Tout en se sachant fiévreusement attendu, l’industriel tardait volontairement et se demandait avec épouvante ce qu’il allait répondre aux questions de sa fille. Enfin, à six heures et demie, il lui fallut rentrer. Il monta à l’appartement de Mary. La jeune fille courut à sa rencontre et lui sauta au cou.
« Je vois que cela va bien ! lui dit-il.
– Oh ! tout à fait bien, père. Mais toi, père, qu’as-tu fait ? M’apportes-tu la joie, l’espérance ?
– Oui, chère enfant, je t’apporte l’espérance.
– Tu as dit à Lucien que je l’aimais ?
– Peste ! Comme tu y vas !
– Sans froisser les convenances, tu pourrais faire comprendre à M. Lucien qu’une demande serait bien accueillie.
– J’ai résumé brièvement notre conversation chez Georges Darier au sujet des terrains d’Alfortville, et j’ai ajouté : « L’usine bâtie sur ces terrains sera la dot de ma fille. » On ne pouvait mieux dire, n’est-ce pas ?
– Impossible ! Qu’a répondu M. Lucien ?
– Lucien Labroue est un jeune homme plein de délicatesse. Il regardait la possibilité d’une association et d’une alliance comme incompatible avec la modestie de sa situation.
– Enfin, a-t-il accepté ? demanda Mary.
– Il accepte… mais avec cette délicatesse dont je parlais à l’instant, il a mis à son assentiment une condition.
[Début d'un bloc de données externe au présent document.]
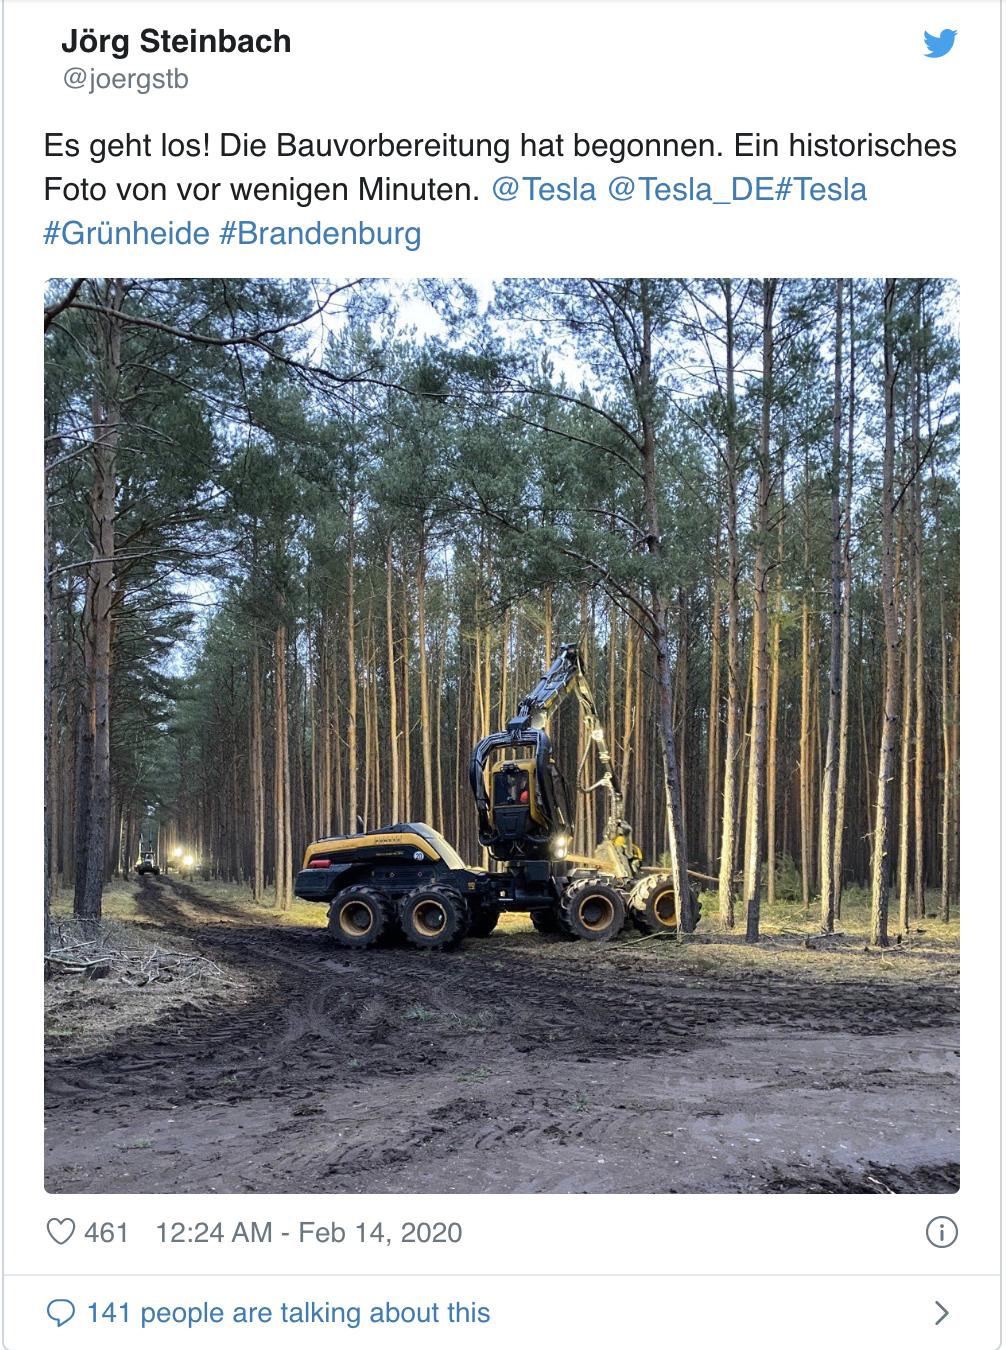 特斯拉再迎好消息:柏林超级工厂开始砍伐森林

Il a inventé une machine fort ingénieuse qui peut et doit rapporter beaucoup d’argent. Il désire, avant de donner suite à nos projets, réaliser l’invention dont il s’agit. Ce sera son apport dans la communauté, et ainsi son amour-propre n’aura point à souffrir. »
Rien n’était plus vraisemblable. Mary ne pouvait soupçonner et ne soupçonna point un mensonge.
« Sa résolution est d’une âme noble, répondit-elle ; je la comprends et je l’approuve. Mais il est une chose dont tu ne m’as point parlé… Lucien m’aime-t-il ? »
La question était singulièrement embarrassante pour le faux Paul Harmant. Elle le forçait à mentir encore, s’il ne voulait briser le cœur de sa fille.